As soon as they arrive back at the facility Renjun storms into Donghyuck’s room, Jaemin trailing behind him at a more sedate pace. “Why weren’t we told Zhong Chenle had superpowered bodyguard detail?” Renjun snaps, in lieu of a greeting. “We weren’t prepared at all. Things could have gone really fucking wrong.”

 _Superpowered bodyguard detail?_ That’s a rather a liberal interpretation of the facts. But Donghyuck blanches. “He doesn’t,” he says. “He shouldn’t. It wasn’t in the file.”

“Lucky I knew him. Huang Minghao,” Renjun says. “Teleportation powers, I’ve fought him before, he’s good enough to still be alive.”

“Fuck—Huang Minghao, as in _Justin_?” Renjun nods, terse. “He just contracted with NEXT, there’s no reason for him to be—unless there’s a personal connection there. But there’s no record of that, either.

“Charge the client a penalty fee,” Renjun says. “The risk level—if we’d known, NEO would have assigned the mission to one of the hyung teams.” 

“I’ll raise it with Taeyong-hyung,” Donghyuck says. He looks at Jaemin. His fingers flutter, an aborted movement.

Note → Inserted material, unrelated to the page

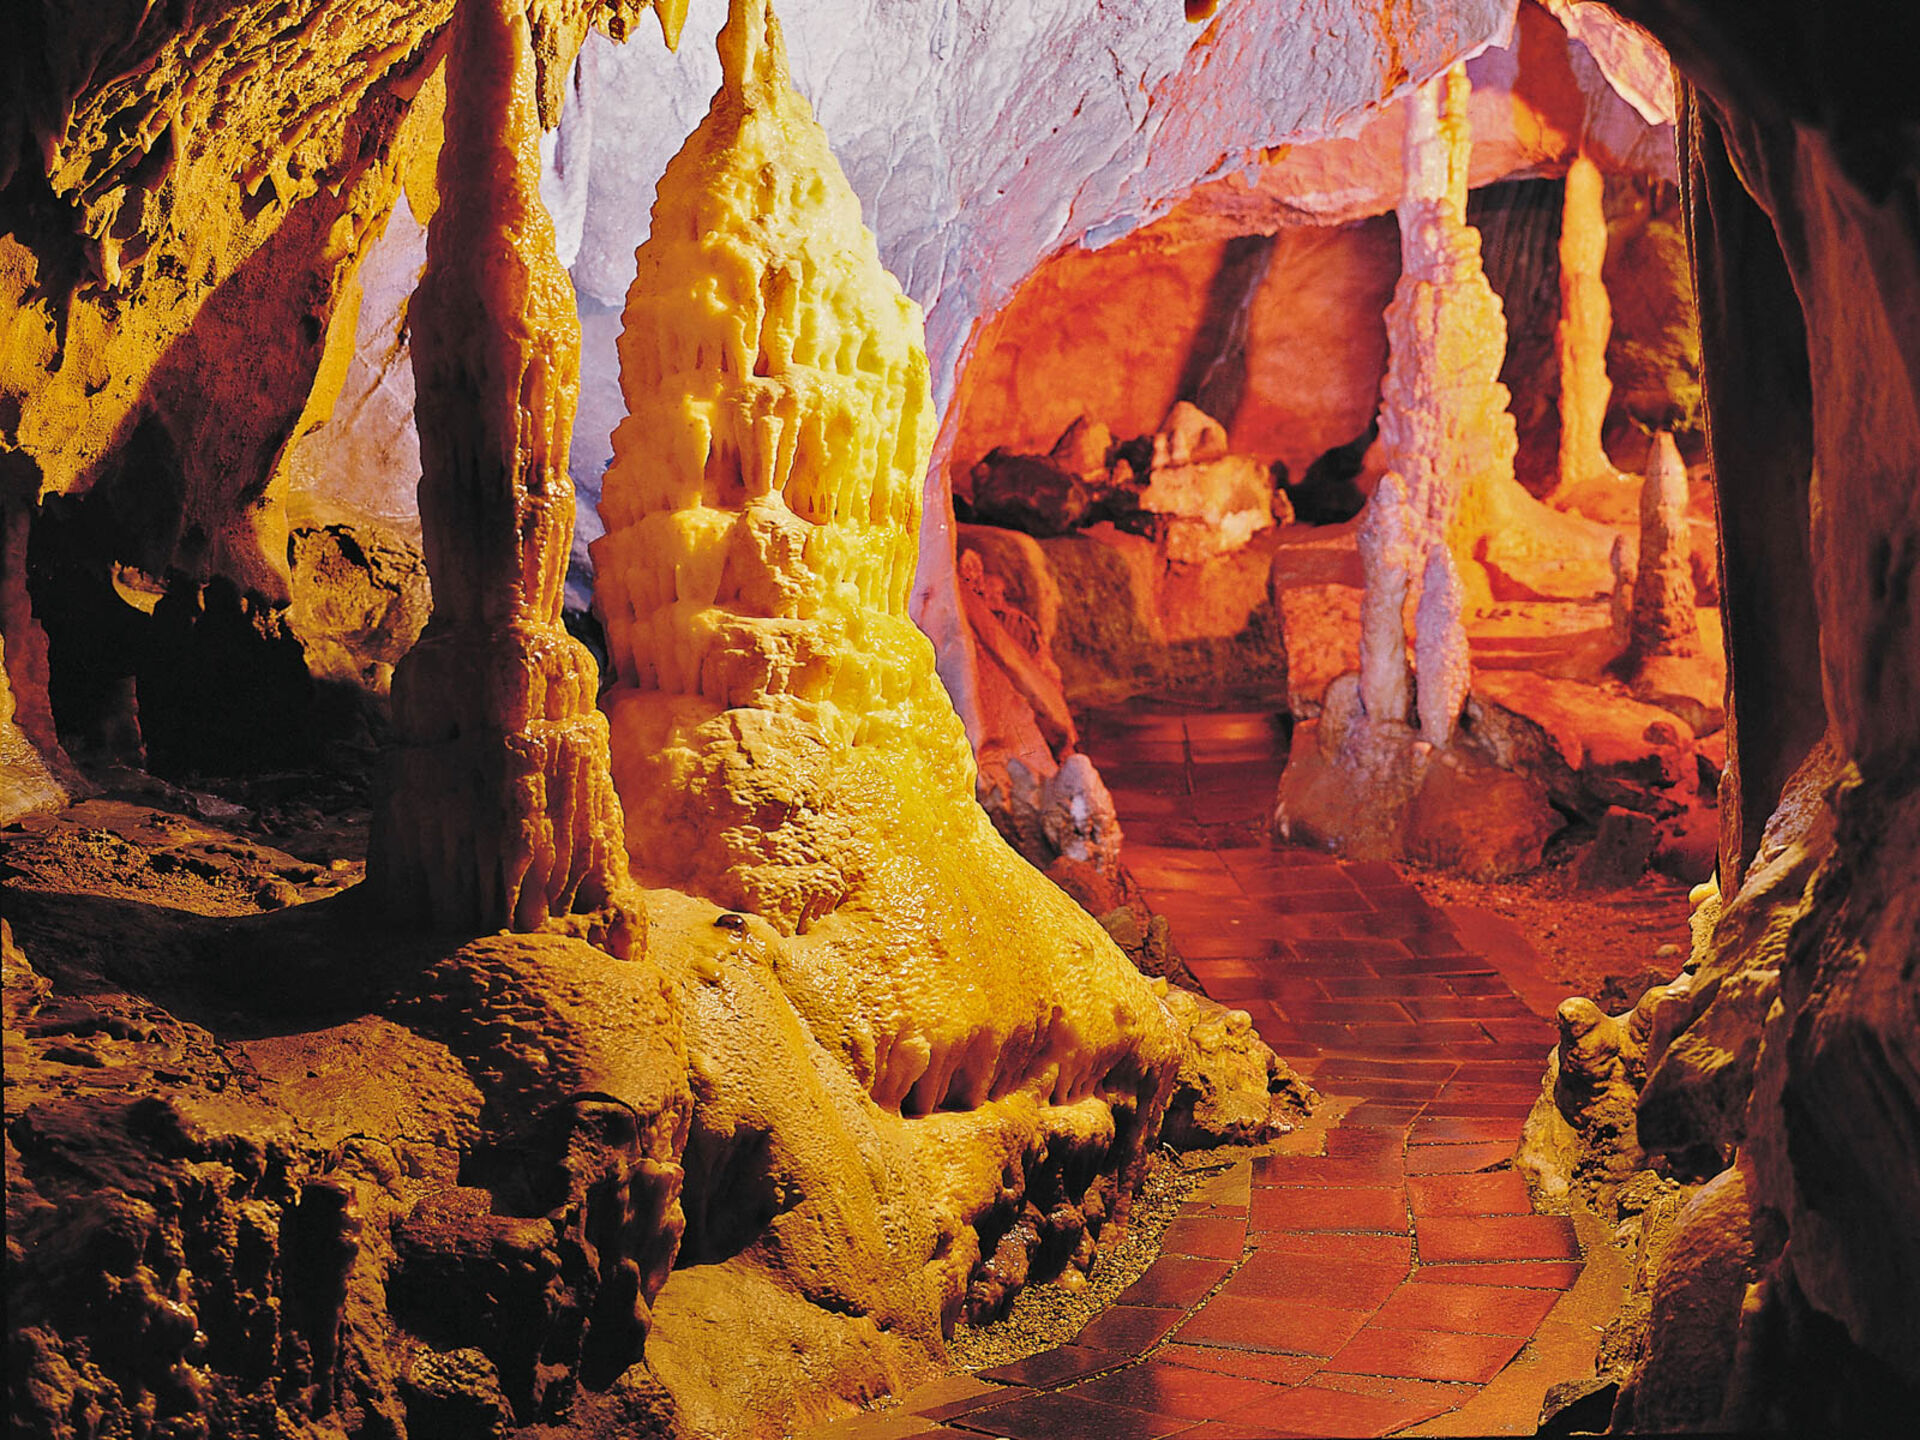 Atta cave in Attendorn in the Sauerland

Jaemin thinks, briefly, about rings. “But you’re not—neither of you got hurt?”

“Not a scratch,” Jaemin says. He holds his breath, but Renjun doesn’t say a word about his reaction to the boy, when he’d seen him. Renjun’s lying, Jaemin’s almost sure of it, and not just by omission.

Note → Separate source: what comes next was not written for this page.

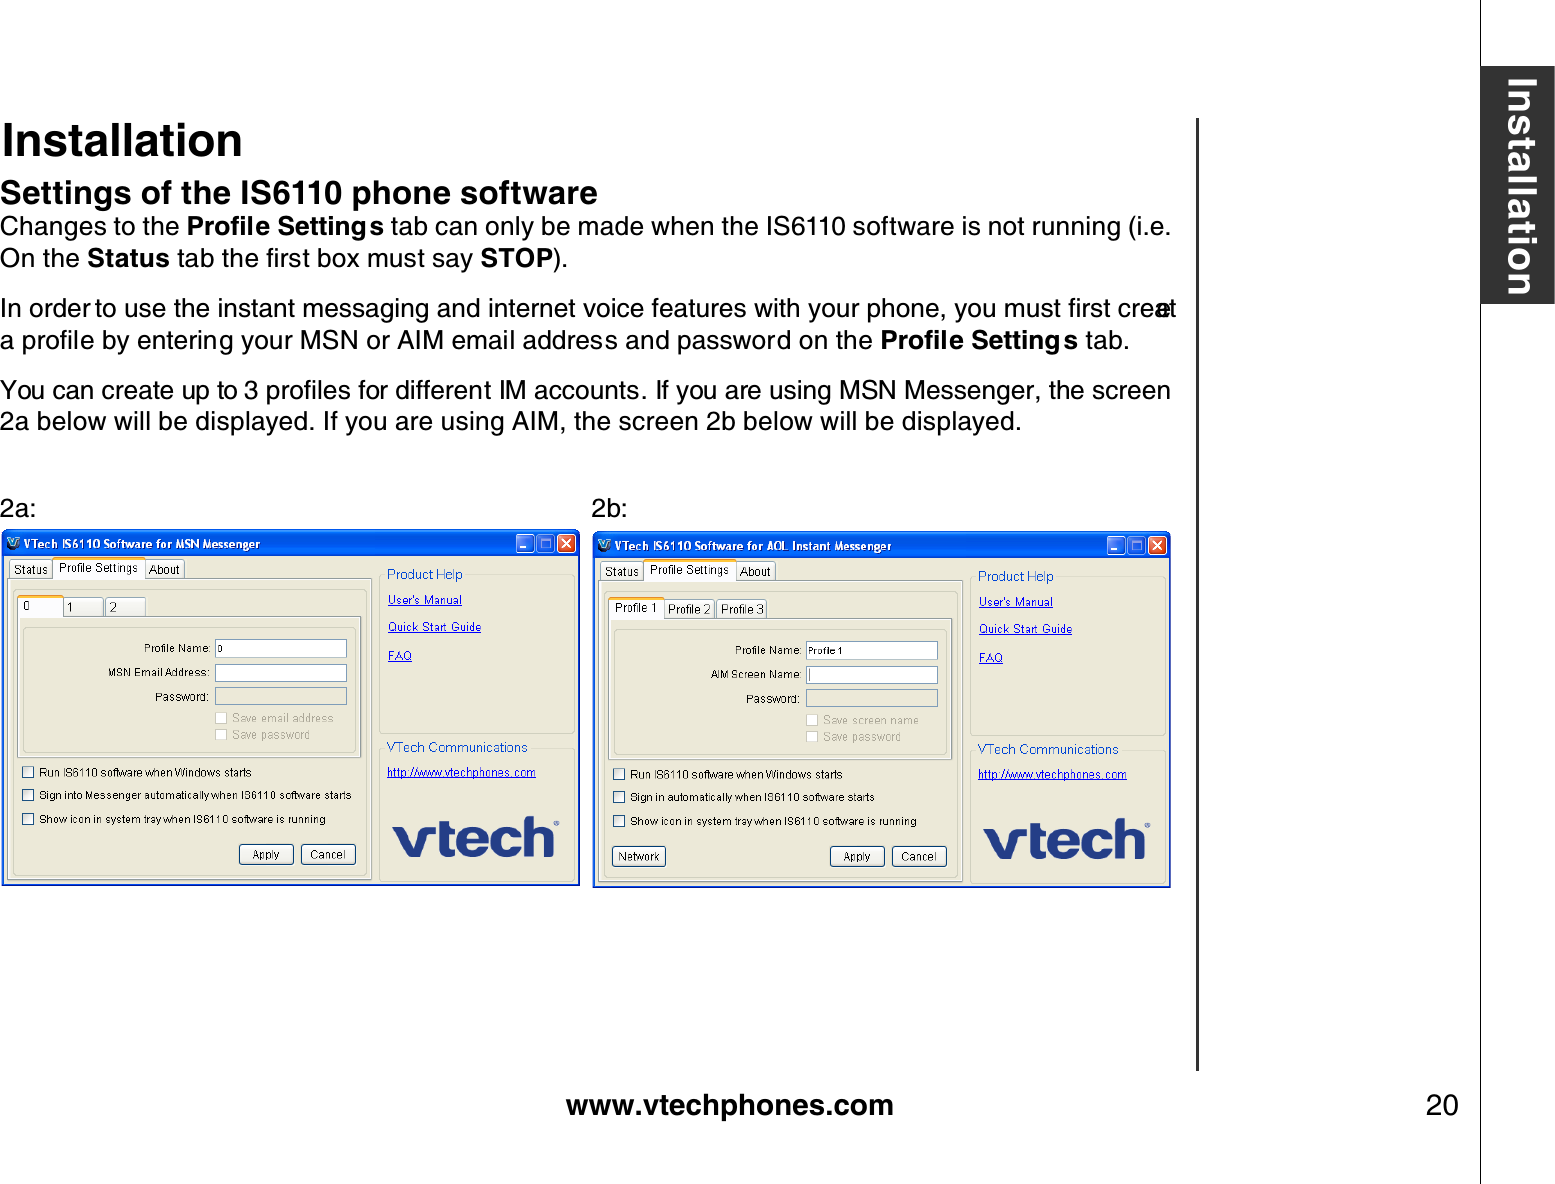 www.vtechphones.com 20InstallationSettings of the IS6110 phone softwareChanges to the 2TQſNG5GVVKPIU tab can only be made when the IS6110 software is not running (i.e. On the StatusVCDVJGſTUVDQZOWUVUC[STOP).+PQTFGTVQWUGVJGKPUVCPVOGUUCIKPICPFKPVGTPGVXQKEGHGCVWTGUYKVJ[QWTRJQPG[QWOWUVſTUVETGCVGCRTQſNGD[GPVGTKPI[QWT/50QT#+/GOCKNCFFTGUUCPFRCUUYQTFQPVJG2TQſNG5GVVKPI U tab.;QWECPETGCVGWRVQRTQſNGUHQTFKHHGTGPV+/CEEQWPVU+H[QWCTGWUKPI/50/GUUGPIGTVJGUETGGP2a below will be displayed. If you are using AIM, the screen 2b below will be displayed.2a:          2b:Installation

Afterwards, Jaemin searches NEO’s records for _Huang Minghao,_ finds an old CCTV clip of a boy blinking in and out of the frame outside a burning shopfront. He’s tall and skinny, but even from a pixellated distance Jaemin can tell he isn’t the boy he’d seen. So Renjun really had lied for him. Jaemin just can’t understand _why._

Jaemin surveys the wreckage of Donghyuck’s room. The curtain bar knocked askew, chairs overturned, files scattered and shredded over the floor. “Injunnie isn’t pulling his punches, is he,” he says. 

Donghyuck sighs, prolonged and dramatic. “He’s madder than usual. Off the Zhong Chenle thing,” he says. 

“Has he even told you what his problem is?”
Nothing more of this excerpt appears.